* **DATA RECORDS**:

**********

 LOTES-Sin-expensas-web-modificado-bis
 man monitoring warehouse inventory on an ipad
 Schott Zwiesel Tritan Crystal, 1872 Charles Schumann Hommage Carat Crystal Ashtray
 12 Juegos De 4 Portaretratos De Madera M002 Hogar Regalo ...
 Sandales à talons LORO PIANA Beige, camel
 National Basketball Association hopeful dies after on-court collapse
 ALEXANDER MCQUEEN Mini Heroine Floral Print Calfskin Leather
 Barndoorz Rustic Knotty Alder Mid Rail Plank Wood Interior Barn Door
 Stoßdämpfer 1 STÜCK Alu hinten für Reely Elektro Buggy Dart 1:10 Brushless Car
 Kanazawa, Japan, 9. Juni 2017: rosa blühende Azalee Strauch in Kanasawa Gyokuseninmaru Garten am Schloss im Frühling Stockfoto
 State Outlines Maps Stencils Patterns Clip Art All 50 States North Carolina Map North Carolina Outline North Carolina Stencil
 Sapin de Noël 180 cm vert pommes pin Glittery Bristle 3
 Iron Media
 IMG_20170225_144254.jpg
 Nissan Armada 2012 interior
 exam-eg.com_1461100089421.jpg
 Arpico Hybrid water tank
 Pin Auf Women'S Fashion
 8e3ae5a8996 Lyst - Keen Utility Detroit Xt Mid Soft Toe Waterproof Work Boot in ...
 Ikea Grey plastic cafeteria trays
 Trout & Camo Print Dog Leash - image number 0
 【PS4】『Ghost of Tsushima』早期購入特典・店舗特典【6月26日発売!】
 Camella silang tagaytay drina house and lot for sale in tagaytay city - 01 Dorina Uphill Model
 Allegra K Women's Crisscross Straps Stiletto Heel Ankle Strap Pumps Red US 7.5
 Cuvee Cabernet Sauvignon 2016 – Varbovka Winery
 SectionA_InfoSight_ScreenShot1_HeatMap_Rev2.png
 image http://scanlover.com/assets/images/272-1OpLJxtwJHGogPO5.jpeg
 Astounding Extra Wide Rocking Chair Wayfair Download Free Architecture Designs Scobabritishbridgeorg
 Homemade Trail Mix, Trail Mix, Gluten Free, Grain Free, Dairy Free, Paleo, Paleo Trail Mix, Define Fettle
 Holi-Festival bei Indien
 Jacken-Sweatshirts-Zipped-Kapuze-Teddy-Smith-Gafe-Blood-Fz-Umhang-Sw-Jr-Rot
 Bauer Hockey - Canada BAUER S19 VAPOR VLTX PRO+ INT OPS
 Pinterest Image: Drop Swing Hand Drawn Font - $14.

**********

* **YOUR GOAL**:
Each line from the top of the data, up to and including the line that contains "National Basketball Association", should be set down exactly.

* **RESPONSE BOX**:
 LOTES-Sin-expensas-web-modificado-bis
 man monitoring warehouse inventory on an ipad
 Schott Zwiesel Tritan Crystal, 1872 Charles Schumann Hommage Carat Crystal Ashtray
 12 Juegos De 4 Portaretratos De Madera M002 Hogar Regalo ...
 Sandales à talons LORO PIANA Beige, camel
 National Basketball Association hopeful dies after on-court collapse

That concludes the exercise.